20-40 clockpulses
I am very surprised that its that fast, just to be sure, do you mean milliseconds or clock pulses ?
Duane B
clockpulses... This is the code i used :
void setup()
{
Serial.begin(9600);
TCCR1B &= 0xF8;
TCCR1B |= (1 << CS10);
}
void loop()
{
float fnumber1, fnumber2;
volatile float fresult = 0.0;
uint16_t time;
unsigned long total;
for (int i = 0; i < 10000; i++)
{
fnumber1 = random() / 1000.0;
fnumber2 = random() / 1000.0;
TCNT1 = 0;
fresult = fnumber1 / fnumber2;
time = TCNT1;
total += time;
}
total /= 10000;
Serial.print("delta: ");
Serial.println(time, DEC);
Serial.print(fnumber1, DEC);
Serial.print(" / ");
Serial.print(fnumber2, DEC);
Serial.print(" = ");
Serial.println(fresult, DEC);
}
Which all goes to show what a nonsense measuring the performance and optimization of contrived sequences of code is.

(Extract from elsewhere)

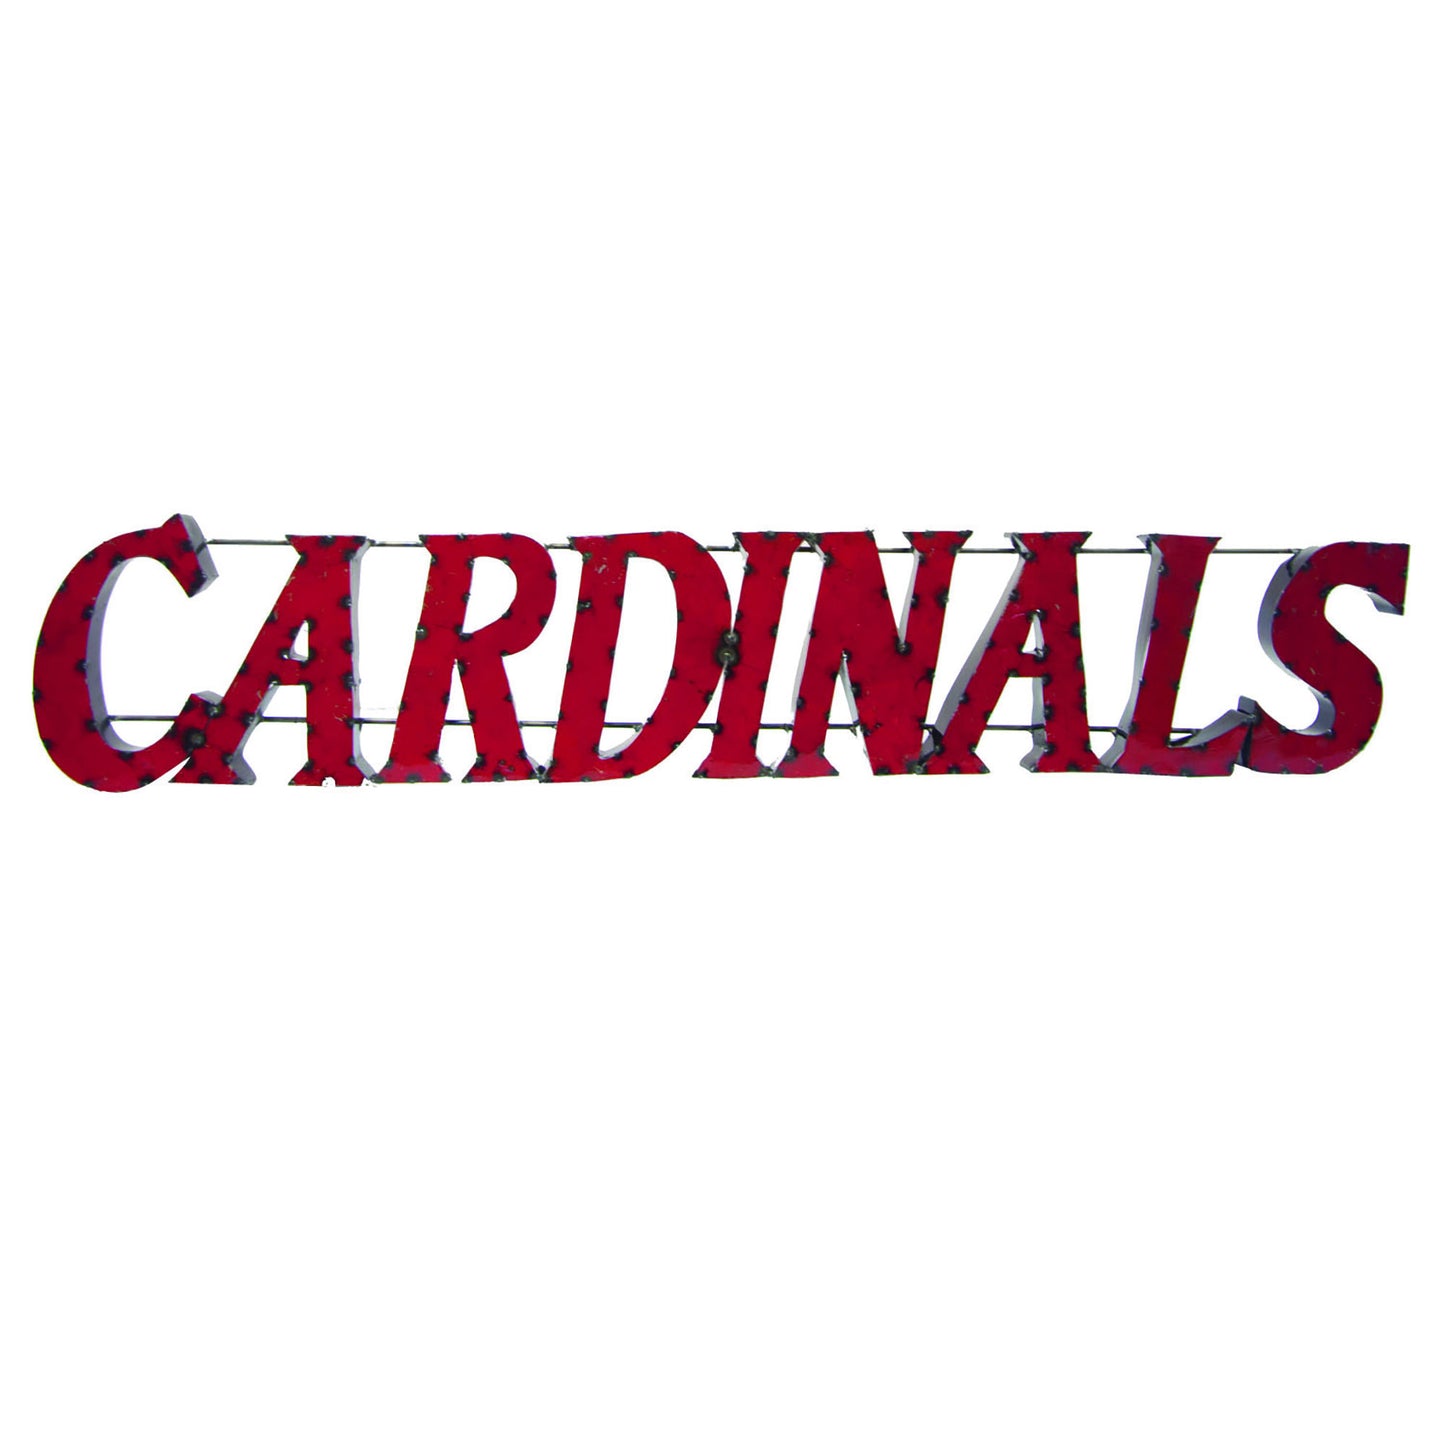 University of Louisville "Cardinals" Recycled Metal Wall Decor

If you have a real application - then it gets interesting.
Agree with you unless your goal is to learn about optimizations and how they are done. (there is always that other option 
Well, disabling optimizations can be useful to compare floating point operations versus integer operations. The whole point of this exercise was to know - before i have a complete project - if the arduino will be fast enough and if i will be able to use floating points or if I will have to do all the calculations with integers.
But in the end... these measurements will indeed be estimates and real measurements can only be taken in real programs. I totally agree with that statement.
Thanks to everybody for this very informative discussion.